Jeff Staub, PhD., co-founder and Chief Scientific Officer of Plastomics, launched the company in December 2016 to further the development of the plant plastid transformation technology he co-invented which could facilitate the production of high-yielding, hardier crops essential to the food requirements of a rapidly expanding human population. Dr. Staub earned his Ph.D. at Rutgers University in Microbiology and Molecular Genetics. He subsequently held a post-doctoral position at Yale University after which he worked as a Scientific Fellow at Monsanto Company before starting Plastomics.
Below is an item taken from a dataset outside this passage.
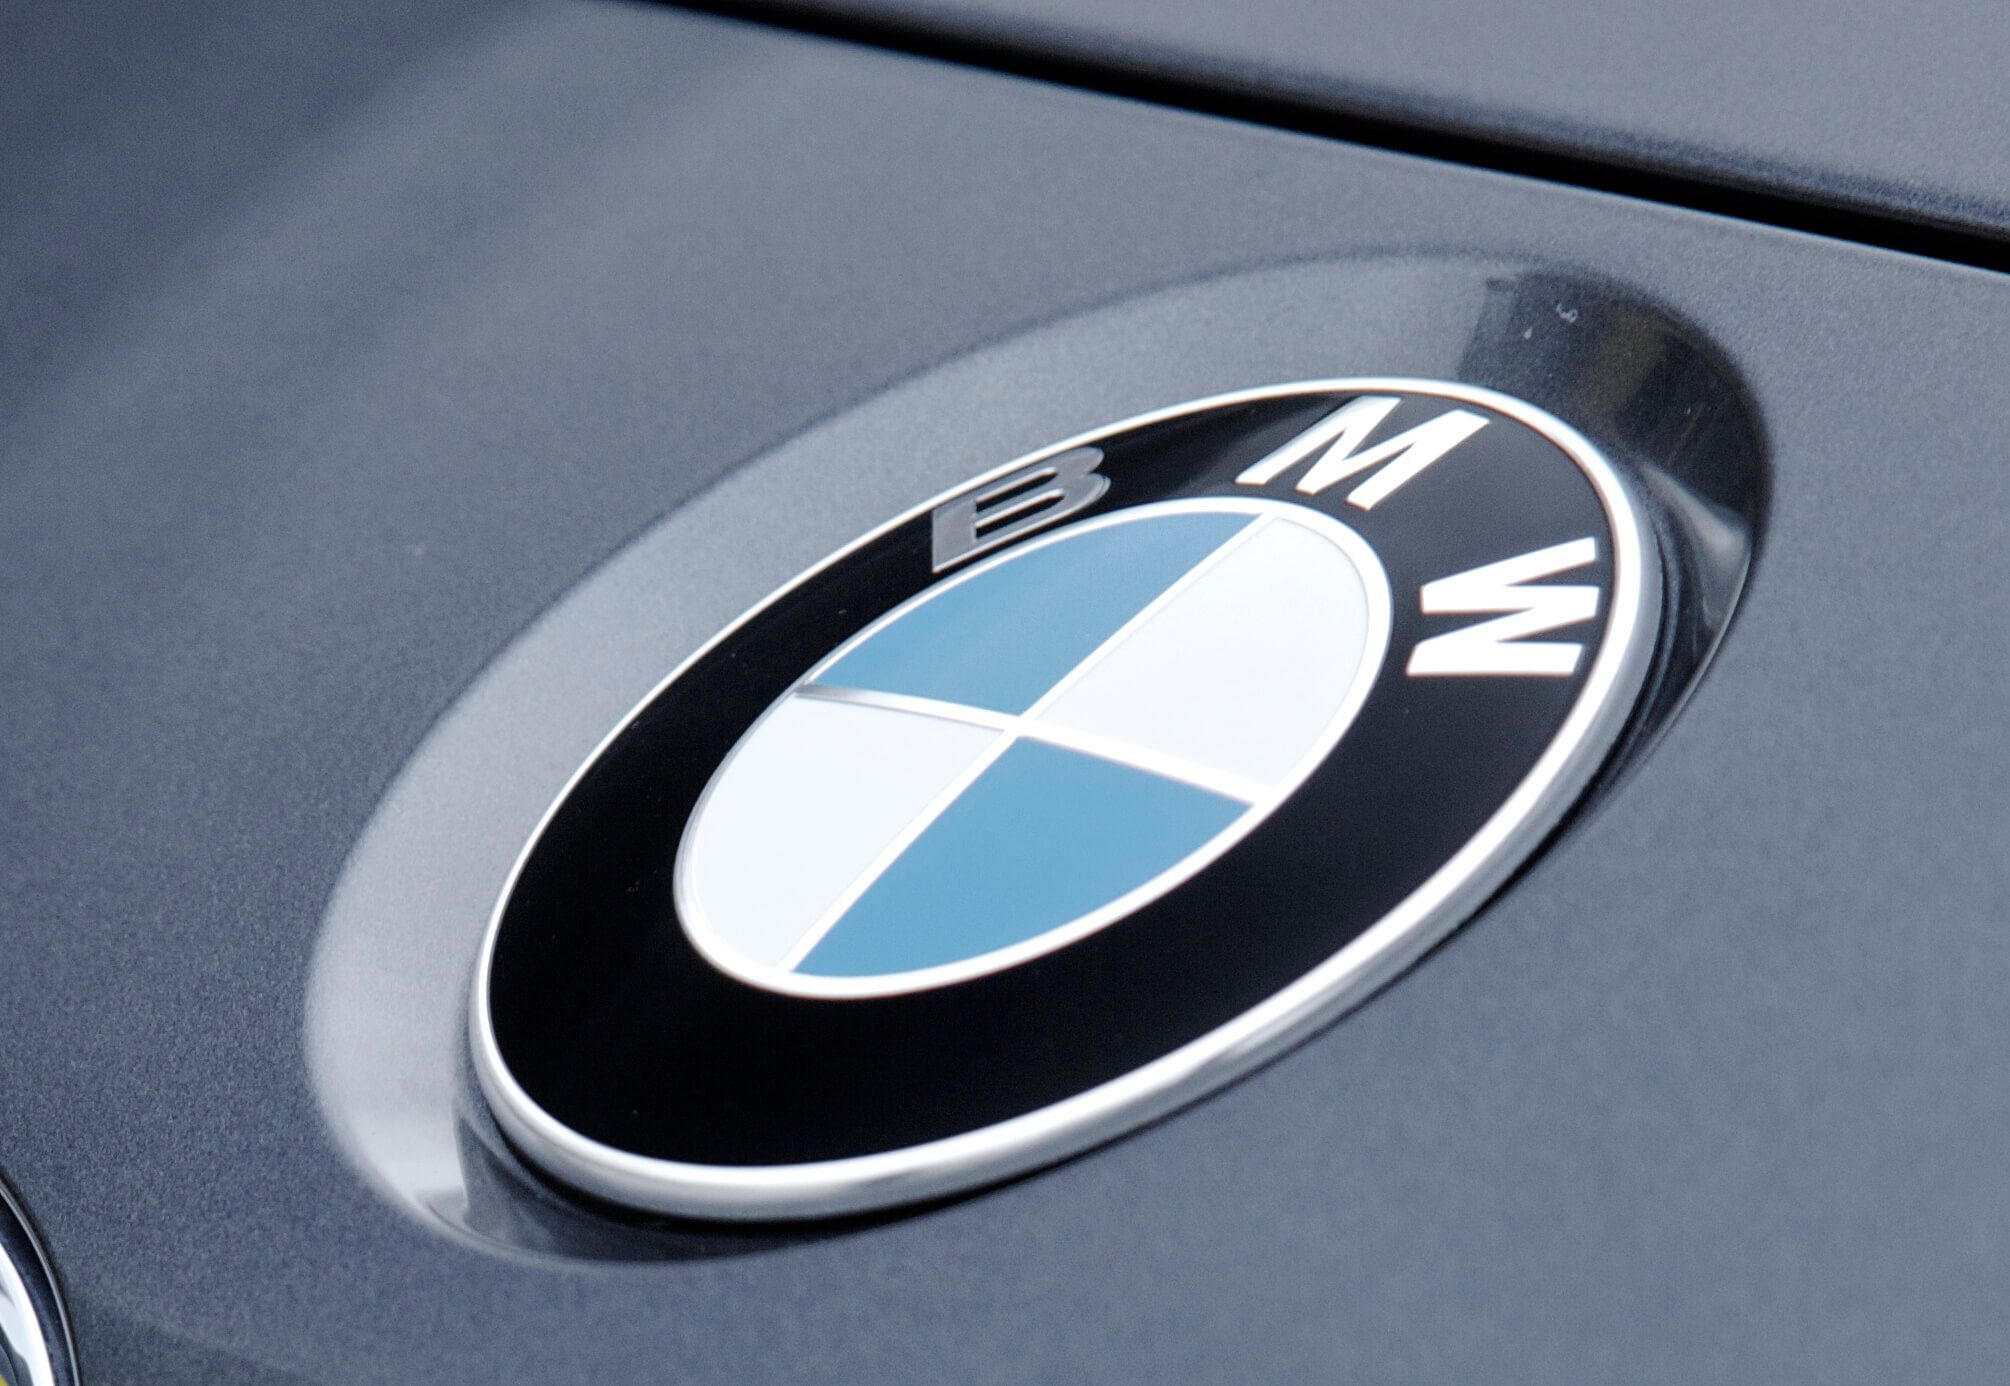 All about the BMW Logo: History, Meaning and More

Fellow co-founder, Ralph Bock, Ph.D., is the current Chair of the Scientific Advisory Board for Plastomics and is also the Director at the Max Planck Institute for Molecular Plant Physiology in Pottsdam, Germany.

The company has developed a unique Chloroplast Transformation Technology (CTT) platform that involves manipulating the DNA in chloroplasts instead of in the nucleus of plant cells. This ensures that the inheritance of desirable traits is through the seed and not through plant pollen. The chloroplasts are the structure inside the cell where photosynthesis – the process by which green plants use sunlight to synthesize foods from carbon dioxide and water – takes place.

The select genes for these desirable traits are typically introduced into the nuclear DNA through a complex process that takes a good deal of time to develop and test. Multiple chloroplasts exist in plant cells while there is only one nucleus; thus, CTT multiple genes can be introduced into the plant cell at a time. This approach simplifies the breeding process, reduces the time and cost of seed development, and eliminates the risks associated with introducing genetic traits through pollen – including the risk of contaminating neighboring fields. The CTT platform will enable the agriculture industry to better address the current challenges of pest resistance, herbicide resistance, water stress, climate variability and trait stacking.

“Our platform will make better, safer, and more effective crops for the future,” said Plastomics’ CEO, Sharon Berberich in a prior press release. “Once it is applied across major food crops, our technology will ultimately help solve the problem of feeding humankind.”